# Stayed home an extra day.



## North of 60 (Jun 17, 2008)

With working outa town all summer I felt Id better take care of business. I always have spare cords throughout my property ready for the wood shed but just dont want to get behind. This was purchased from a fellow that logs out the beetle kill near Hains A.K.
This is the largest wood Ive Processed since living in Vancouver. For the hardwood snobs this will make you shudder as this 12ft log length pine was a deal @ $160 a cord. $230 is the going price. $1.50 a litre for oil. Finally able to give my old Husky 266SG a work out.


----------



## dolmen (Jun 17, 2008)

Great looking property there ;-)  just one question, you are cutting into rounds and then stacking them ? if so how long do you leave them before splitting?

Cheers

;-)


----------



## North of 60 (Jun 17, 2008)

Usually only home two days a week right now so was just happy to get a day to deal with this. This wood has been standing dead for probably 6-8 years.
Pretty hard on the chain as it is damn dry. I have my wood stash average between 15-17 cords. So this wood is a bonus and just keeps me always
two years min ahead. This fall when Iam  back home living a normal life Ill rent a splitter and have some fun with it. It will then get stacked between my trees
and end up in my wood sheds maybe next year as they are full. This stuff is incredably dry for its diameter though and most people here would burn it.
 My stove has a CAT and it likes dry food.


----------



## WOODBUTCHER (Jun 17, 2008)

Nice trunks (and not the ones your wearing)



WoodButcher


----------



## BrotherBart (Jun 17, 2008)

No snow on the ground. Musta been Thursday.


----------



## jpl1nh (Jun 20, 2008)

What type is the wood?  looks kinda like the red pine around here in the south.


----------



## Todd (Jun 20, 2008)

Ok, I'll make you shudder. Down here I can get 2 cords of log length Oak for $160. I sapose most everything costs more way up there.

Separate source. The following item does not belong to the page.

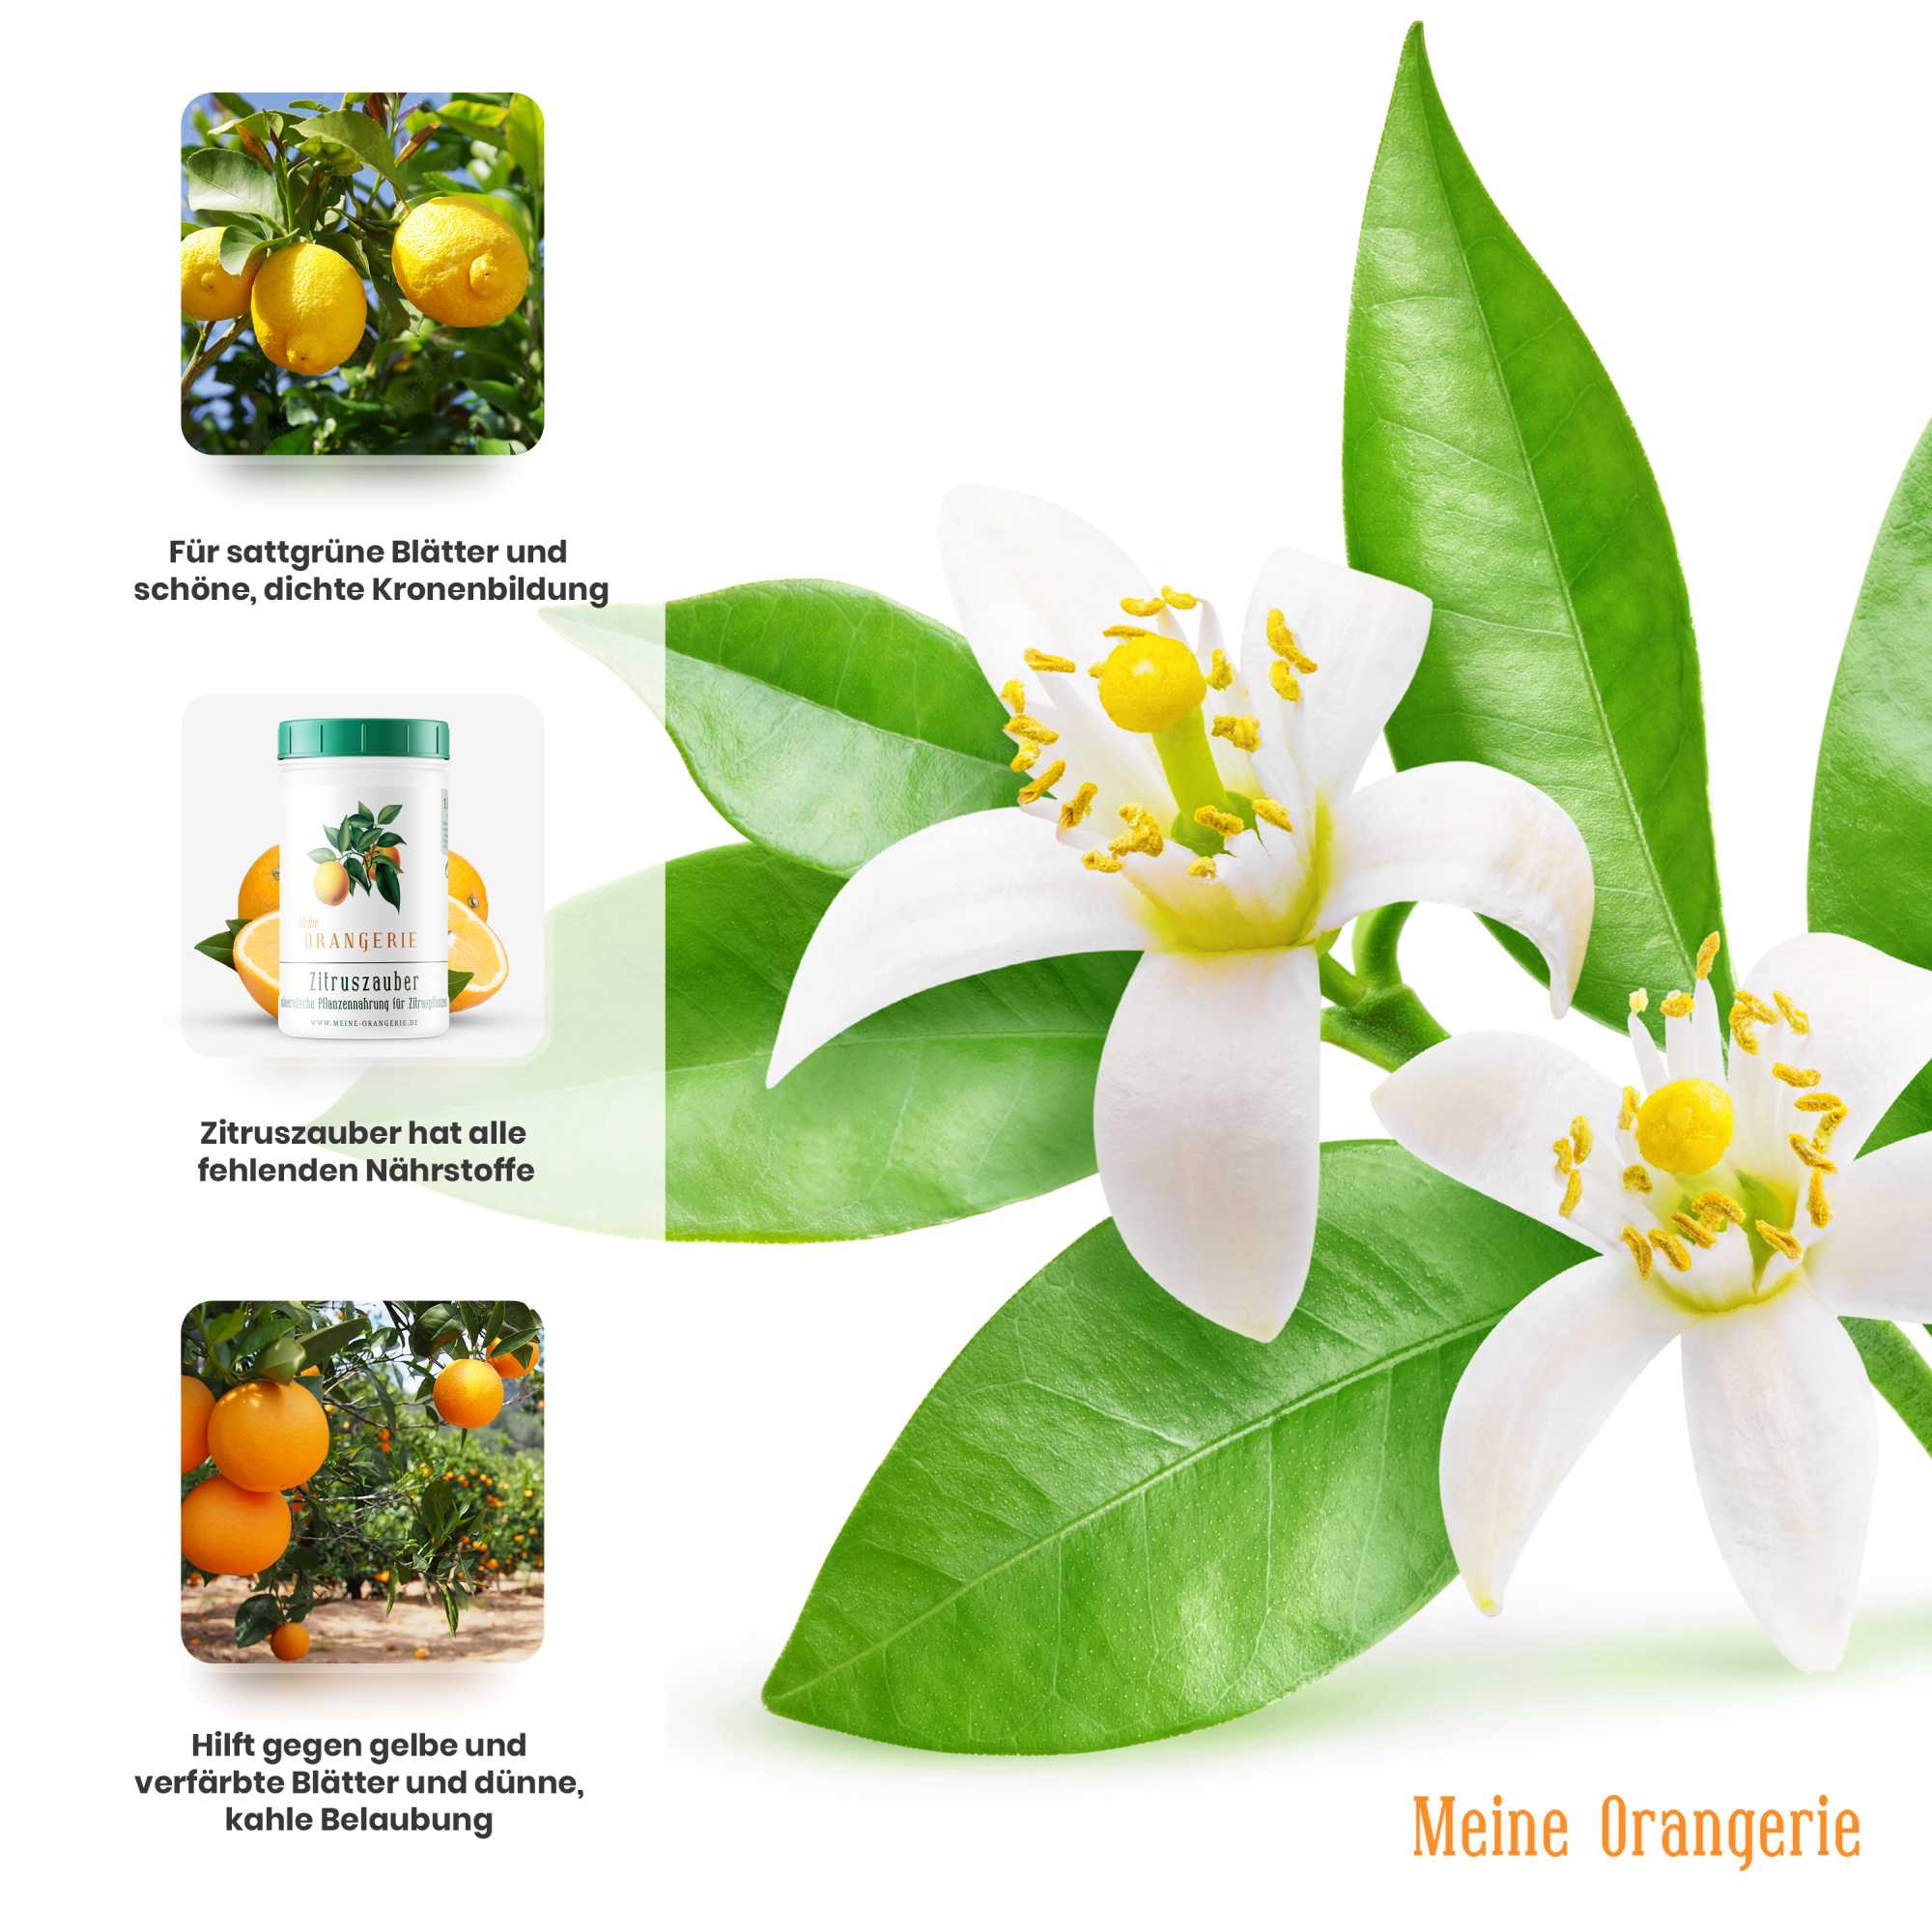 Meine Orangerie Zitruszauber |500g| Profi Zitrusdünger für alle Zitruspflanzen

So, are you done burning up there yet?


----------



## North of 60 (Jun 21, 2008)

jpl1nh said:
			
		

> What type is the wood?  looks kinda like the red pine around here in the south.

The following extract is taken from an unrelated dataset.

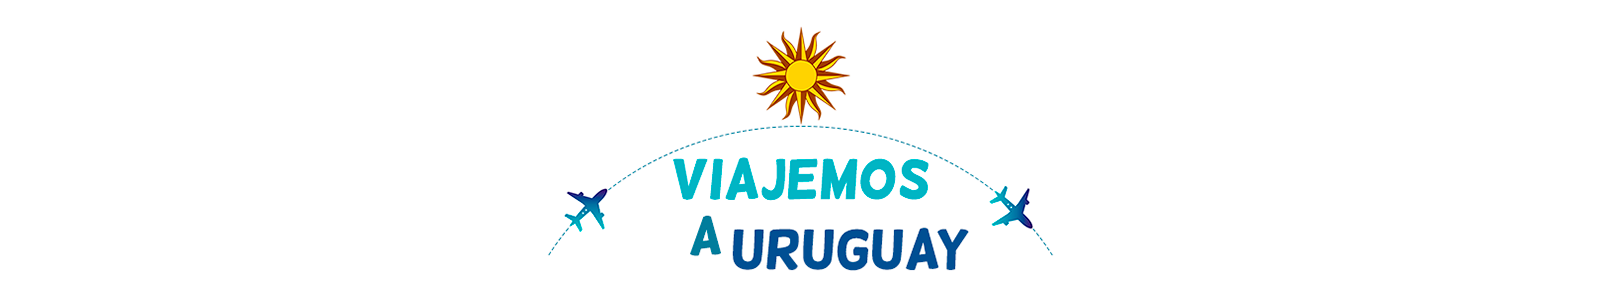 Viajemos a Uruguay

 Lodge pole ?  White?  Not sure as its larger than the wood in my area. This came from 250 kms away. Lodge pole is whats in my backyard. How big can lodge pole grow if any one knows?
  & yes Todd  we are done burning, well maybe. :red:  Ive seen it snow in every month @ one time or another in the years Ive been here.  One day its +26C and in the morn there is frost on the ground or fresh snow in the local mountans and +25,26 C in the day again. 
I have had camp fires though @ home with my two young boys eating caribou and bison smokies to spend  time with them on the weekends. 22 hours of daylight now so the woods drying pretty good and the potatoes in the garden are growin strong even though we had 4" of snow 2 weeks ago after we had 22C the day before..


----------



## begreen (Jun 21, 2008)

If the wood is from the Haines area it may be spruce. They have had a bad run in with the spruce bark beetle. 

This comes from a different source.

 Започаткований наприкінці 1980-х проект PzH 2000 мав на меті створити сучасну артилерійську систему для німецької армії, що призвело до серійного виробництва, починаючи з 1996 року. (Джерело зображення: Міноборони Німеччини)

http://na.fs.fed.us/spfo/pubs/fidls/sprucebeetle/sprucebeetle.htm


----------



## fossil (Jun 21, 2008)

north of 60 said:
			
		

> ...How big can lodge pole grow if any one knows?



Maybe 20" d.b.h. max., depending on a number of things.  There are three subspecies that thrive in different areas.  Lodgepoles that big would have to be_ very _old, and from somewhere special.  I've never tasted Caribou...is it like chicken?   :wow:   Enjoy the time you have to spend with your family.  Rick


----------



## North of 60 (Jun 21, 2008)

If its spruce I guess Ill be getting less BTUs out of it.  Went over the pile with the neighbor and we identified two types of wood in the pile.  One he thought
was western white pine and the other spruce.  Thanx for the heads up BeGreen. Fossil it tastes more like caribou than chicken. hh:  Thanx.  Iam enjoying
the family time. I think I was taking it for granted before. Cheers.   N of 60


----------



## begreen (Jun 22, 2008)

Looks like you and your helper made good progress today. If you are seeing signs of the beetle (bark shedding and beetle tracks) then it's prolly is spruce. Lodgepole pine from the coastal areas is usually somewhat twisted and gnarly trees. Lodgepole from the interior (Sierra Lodgepole?) is quite different.


----------



## jpl1nh (Jun 25, 2008)

north of 60 said:
			
		

> If its spruce I guess Ill be getting less BTUs out of it.  Went over the pile with the neighbor and we identified two types of wood in the pile.  One he thought
> was western white pine and the other spruce.  Thanx for the heads up BeGreen. Fossil it tastes more like caribou than chicken. hh:  Thanx.  Iam enjoying
> the family time. I think I was taking it for granted before. Cheers.   N of 60


My wife always thinks I'm nuts spending my time here at the Hearth, but even SHE loved the photo with your kids.  Special times, special times my friend...


----------



## North of 60 (Jul 5, 2008)

Was too exited to rent a splitter and try it out, so picked one up for the weekend on the way home for $60.
Had a blast and was amazed how dimensional you can split the wood this way. AND never again will I split wood by hand unless
I'm camping or the wood is 8" or less.  I'm now spoiled. I will save my time and energy for other things.


----------



## fossil (Jul 5, 2008)

As an old and somewhat tired Mechanical Engineer, I'm a firm believer in hydraulics...or any other system that will do the work for me.  Have fun...heck of a deal on that splitter!  Rick


----------



## WILDSOURDOUGH (Jul 5, 2008)

Nice Spread there North-

Funny pictures, your rounds like like mine- cept that would be my wife wheeling and stacking them !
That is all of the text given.